Friday, December 9, 2011

Albert Pujols, Michael Cuddyer and the desire for more

John Mozeliak, general manager of the St. Louis Cardinals,
contemplates life without Albert Pujols. He might also have
the same expression thinking about the possibility of
paying the slugger $20 million-plus when he's in his 40s.
Before the Beatles told us I don't care too much for money/Money can't buy me love, they sang: Give me money/That's what I want.

Albert Pujols had the love and admiration of the St. Louis area, and tossed it aside this week for an extra $40 million or so. You and I probably would have done the same. Forty million? I don't know that I could spend that much in a lifetime, but I might like to try.

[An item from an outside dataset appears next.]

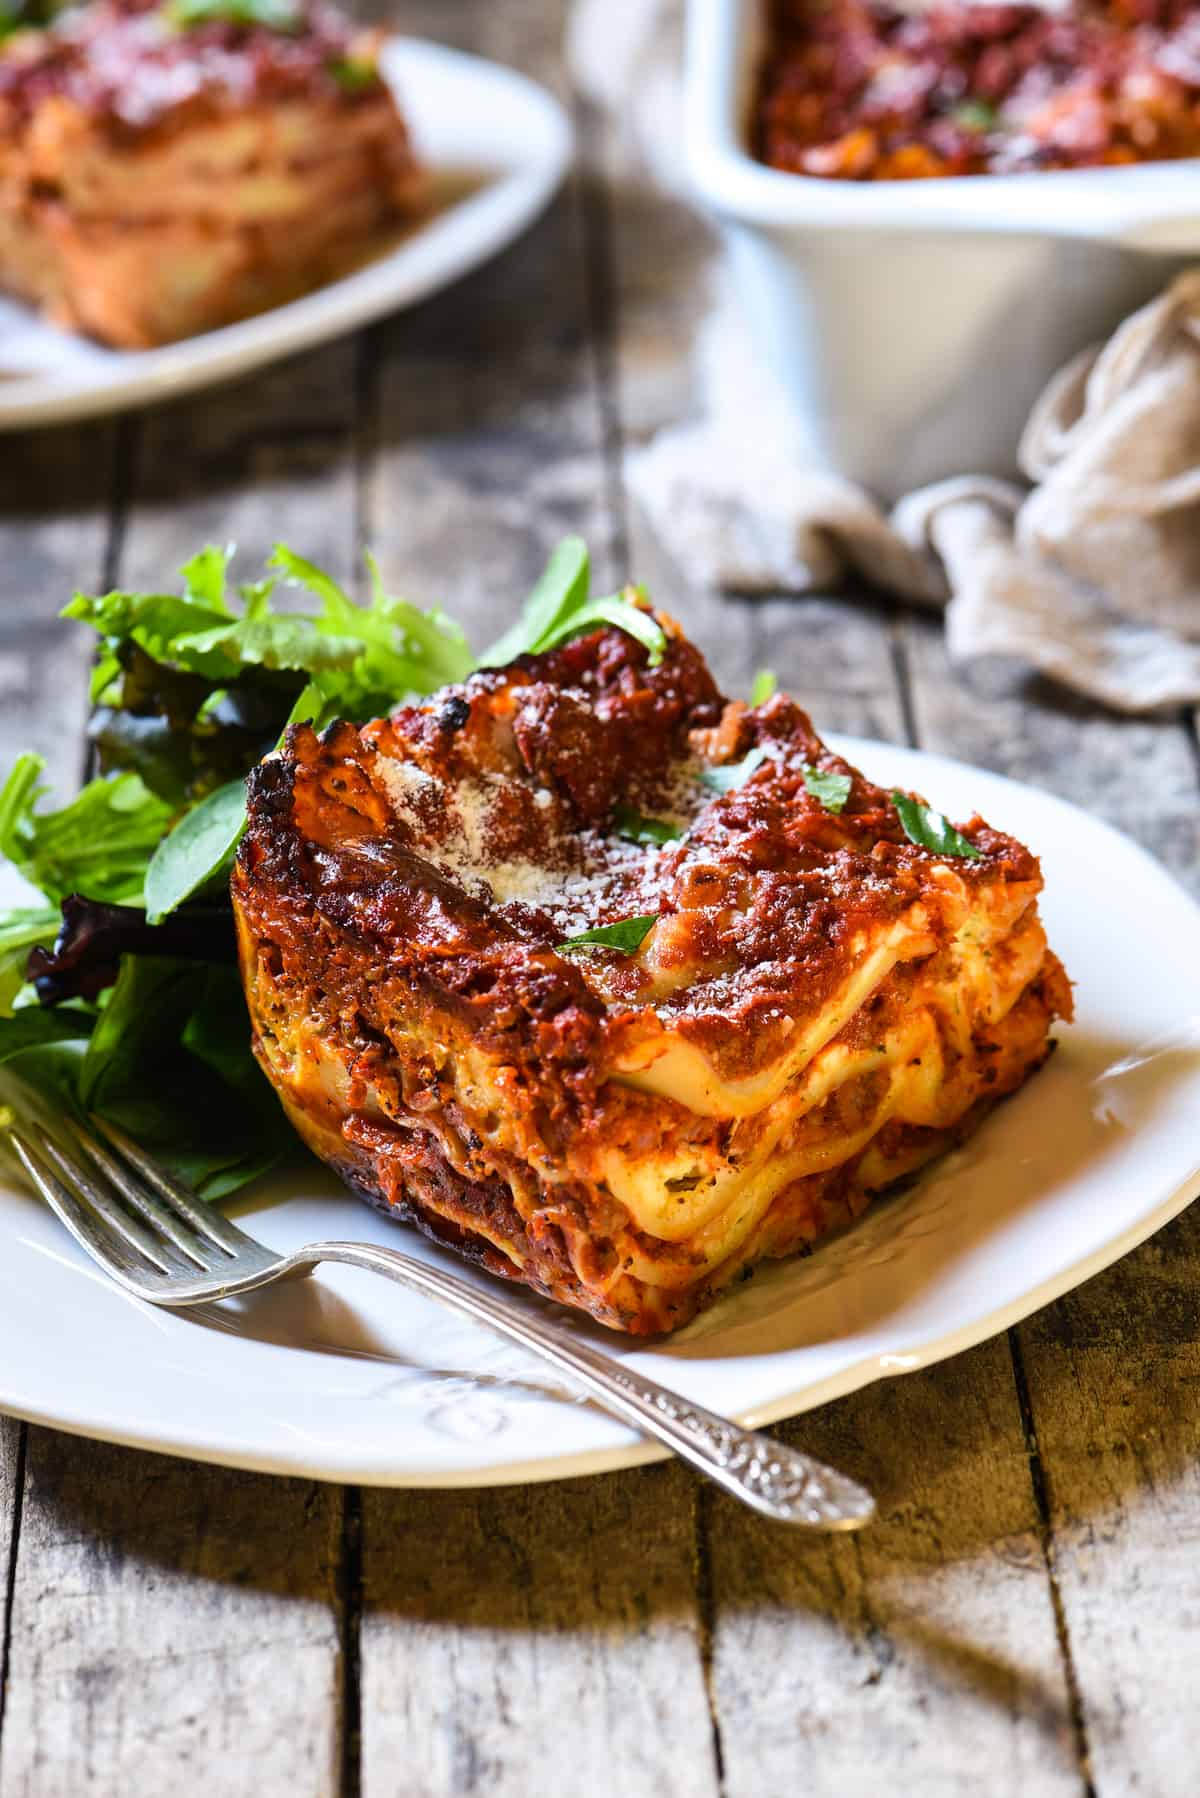 Piece of lasagna recipe with cottage cheese with a side salad on a rustic white plate.

Pujols was, in truth, underpaid during his 11 seasons in a Cardinals uniform; while it may seem ridiculous to say that someone who made $104 million in 11 years was underpaid, he provided his team with well over $330 million in production. As wealthy as Pujols was before he signed his deal with Anaheim, he knew he has been underpaid in St. Louis, and it's a safe bet that bugged him. "Hometown discount"? He's given that already.

The Cardinals, to use a metaphor Bill James deployed in the late '80s, ate the heart of the watermelon that is Pujols' career. The Angels are paying for the rind.

It's been said that there's no such thing as a bad one-year contract. By the same token, there's no such thing as a good 10-year contract. The Angels jumped eagerly into the deep end of that pool this week, and nobody's standing by with a life preserver for them.

(It will be an interesting race to watch. Which deal goes bad for Anaheim first: $254 million/10 years for Pujols, or $77.5 million/five years for C.J. Wilson? My guess is the Wilson deal goes sour first.)

Then there's Michael Cuddyer. Cuddyer is no Pujols, of course. The money is lower, the talent is lower, the stakes are lower. But again, Cuddyer has made more money playing baseball than you and I have made doing what we do (I say that assuming Glen Taylor isn't reading this), and there has grown, I believe, a genuine affection between player, community and franchise.

And yet there is a standoff now between player and team. He wants more; the team is reluctant to oblige. In my view, the three-year, $24 million offer reportedly made this week pushes the envelope of Cuddyer's value to the Twins. It's justifiable, but I don't think they should add years or money to it.

He wants more. We all want more. Money can't buy me love -- but it can rent it for a while.